Two years in-the-making and supported largely by volunteers, the pilot project was spearheaded by Community Action on Dementia (CAD) Brent, a social movement which aims to make the London Borough of Brent dementia-friendly. Charities such as Irish in Britain and Ashford Place, together with statutory and community agencies, faith groups and local businesses also backed the scheme. 

It’s a shock to people when they are told they have Dementia. A lot of people don’t talk about it and it gets worse because it’s secret. It’s like you’re having an affair that you don’t want people to know about. It’s not until you admit it to yourself that you can start to come to terms with it. Coming to the group and hearing other people talk helps people to open up.  It also helps the carers who are trying to understand how to cope with their loved ones. The main benefit is for people to come together and mix. I think it’s a very good thing.




Dianne Campbell, a Brent resident diagnosed with dementia at the age of 47, is one of the driving forces behind the campaign. Seeing a gap in provision, Dianne was keen to help develop a service in her local borough. Her persistence led to a borough-wide conversation about the needs of locals living with the condition. In the process, 80 Brent residents with dementia were interviewed, along with their carers. The findings were published last summer in a report entitled Living with Dementia in Today’s Community

The report found there were nearly 2,000 people in Brent living with dementia, demonstrating the need and potential for a service in which people living with dementia could help each other while retaining their self-esteem and sense of identity. It was also clear that people lead happier and healthier lives when they have the resources that work for them.

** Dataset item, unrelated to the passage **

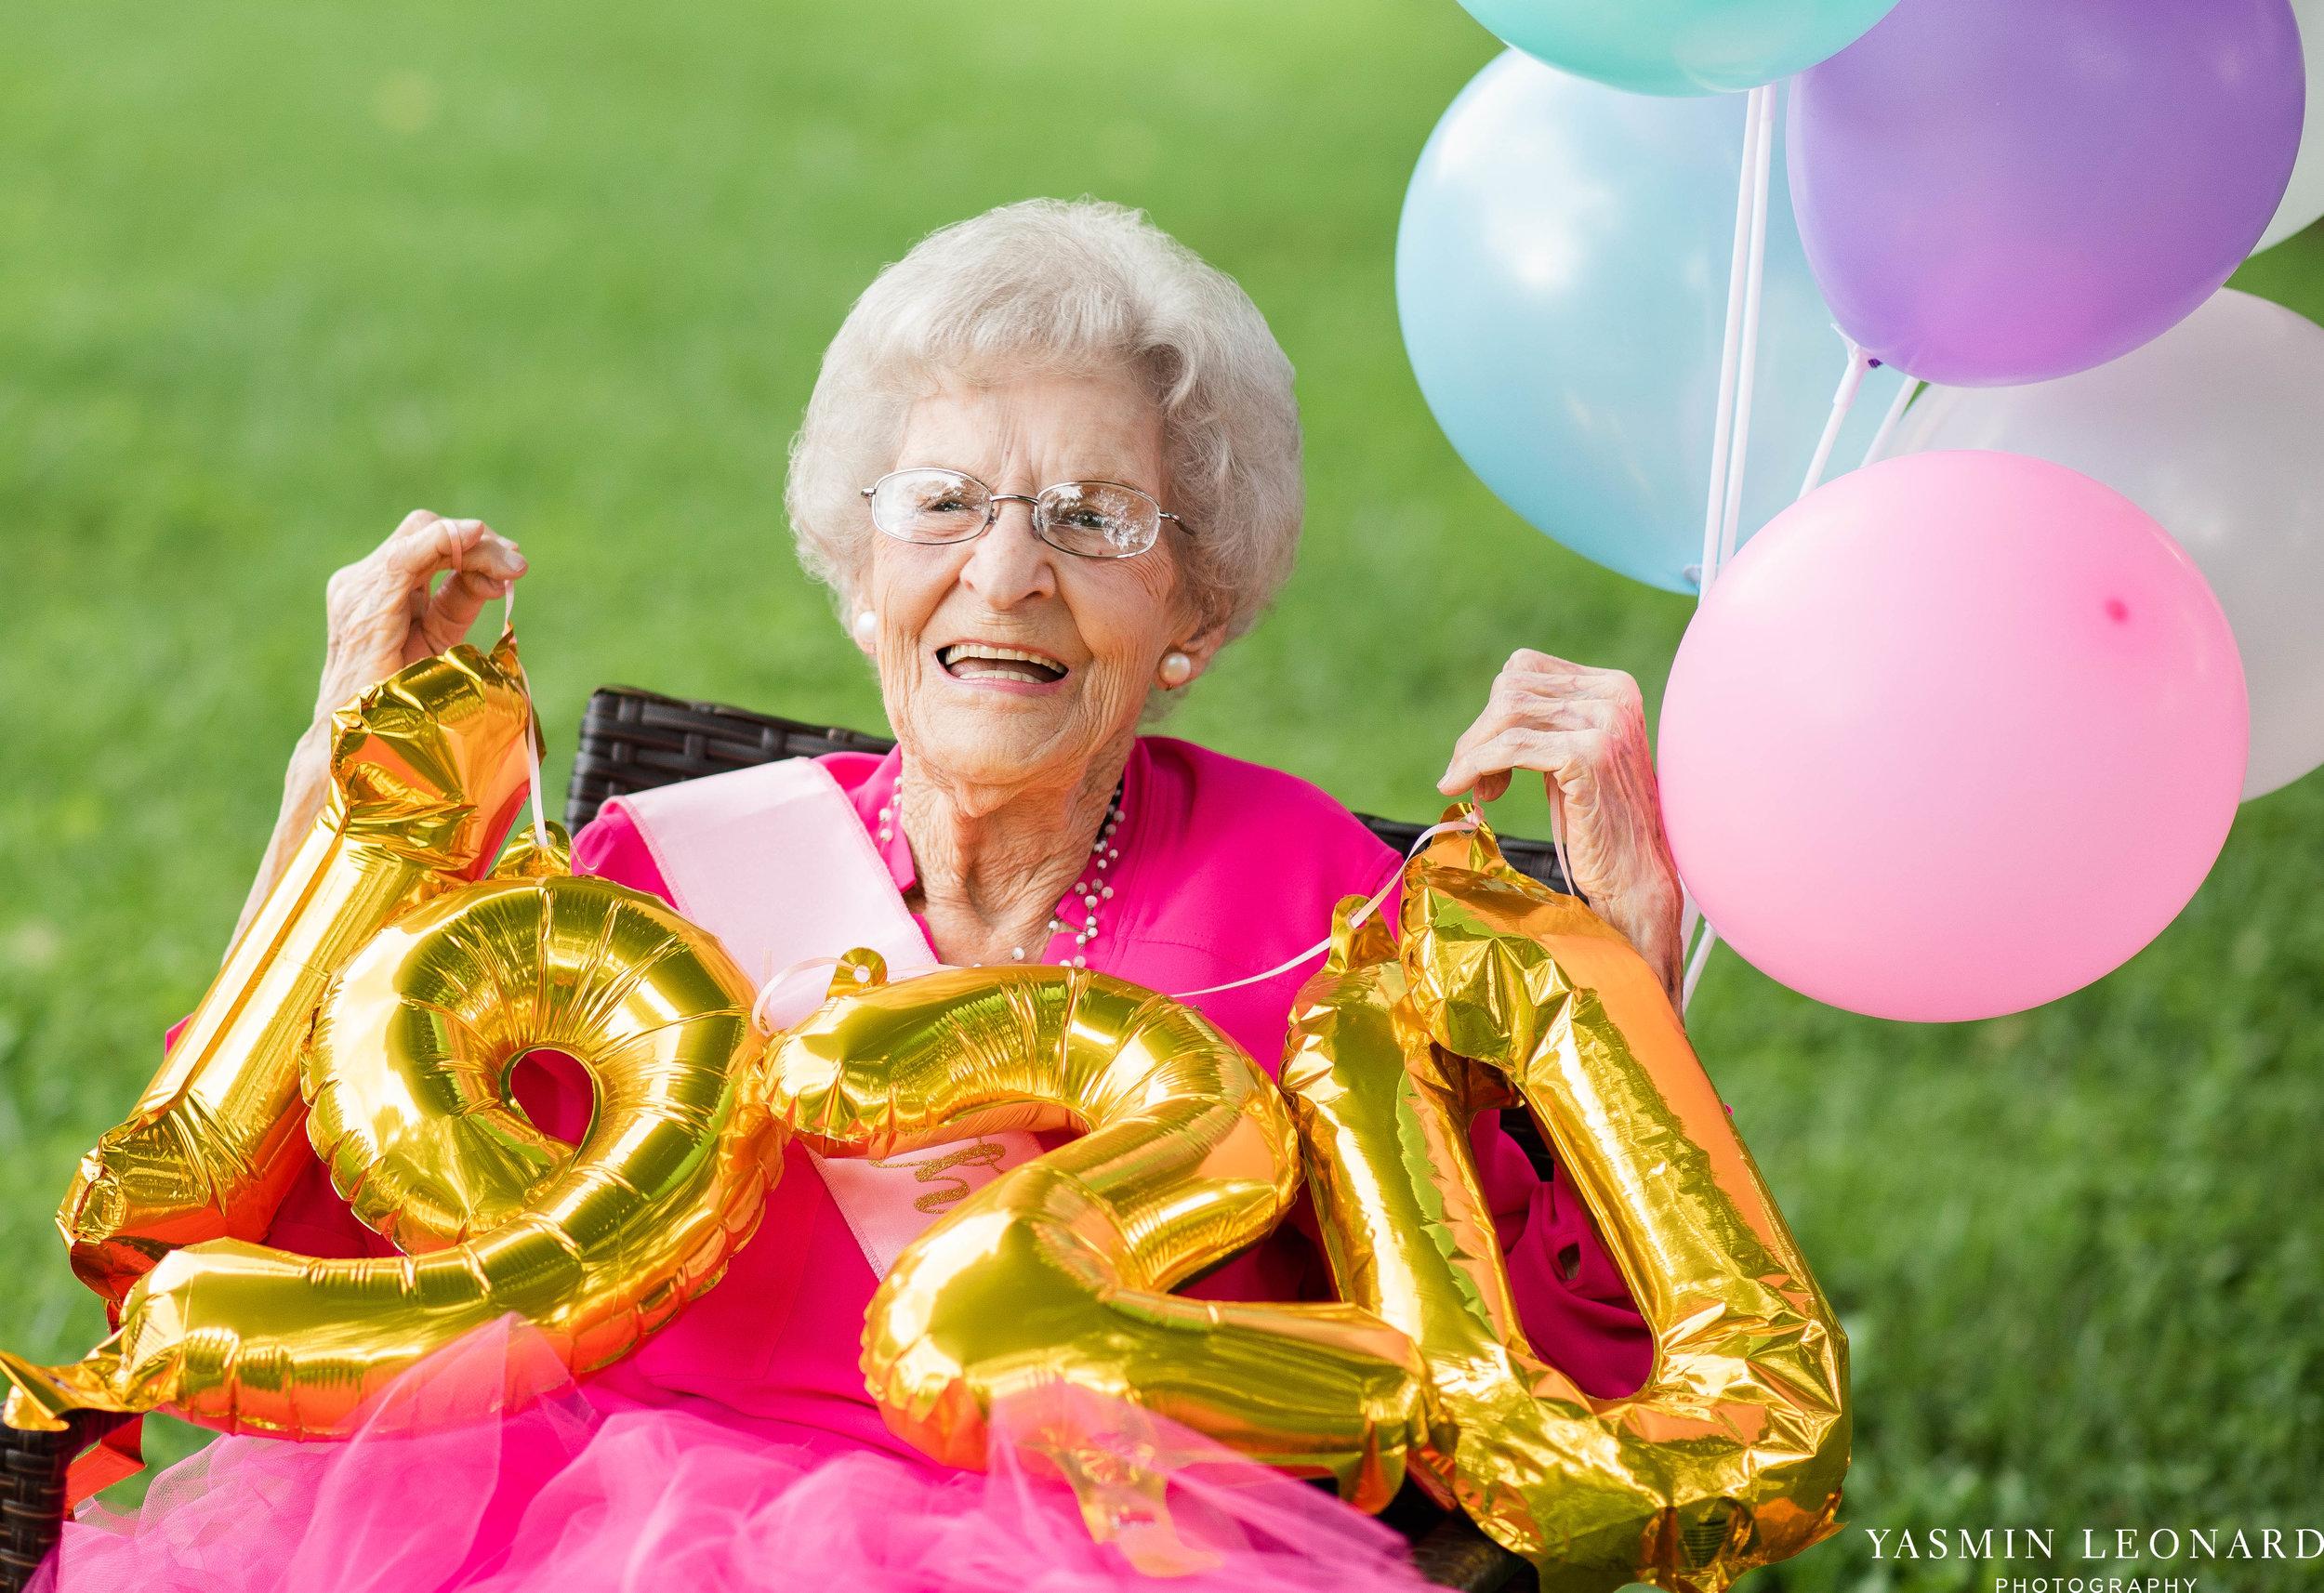 99 Year Old Birthday - Great Grandma Birthday Session - Grandma Birthday Session - 99 years Old - Adult Birthday Session - Four Generations-7.jpg

After I was diagnosed, I was told I had to stop working and I felt all over the place. There was no structure available and no way to meet other people who had been diagnosed. But at The Dementia Peer Support Service there’s an understanding that it’s difficult and you have to be gentle with each other and I’m beginning to really feel a part of things and enjoy myself.



While traditionally most programmes supporting people with dementia are run by medical professionals, The Dementia Peer Support Service encourages the people living with the condition – the peers – to design and deliver a range of activities for everyone. Meeting fortnightly, these activities include expeditions to museums and galleries, art classes and listening to invited speakers. Hosting activities away from a clinical setting provides a relaxed environment where people can learn how to adapt to life with dementia together and a buddy system encourages mutual support and helps build confidence.

The Dementia Peer Support Service is the first community-based scheme of its kind to be funded by the NHS. The service currently has 18 members and plans to increase that number to 70 by January 2018. Brent residents can be referred by GPs and other primary care staff, places of worship, social services and the voluntary sector – they can even approach the group direct.  

Danny Maher, CEO of Ashford Place said, “Since beginning this project, people with dementia have said how relieved they are to be encouraged to lead on how they want to manage their condition. They feel more in control and really value the opportunity to decide what they want to do rather than just ‘give up’ at home. We also use very different language – where medical speak is more focussed on illness, deterioration, drugs, symptoms, risk adverse etc., our language is about hope, confidence and self-determination."

Clementine Femiola, the Project Lead, has been employed to oversee the project, working alongside other agencies, the peers and the peer supporters. Peer supporters tend to be more confident, often in an earlier phase of dementia, and might have a skill or hobby to offer a group session. Peer supporters also raise positive awareness of dementia in the community by sharing their experiences of diagnosis and what has helped them on a day-to-day basis.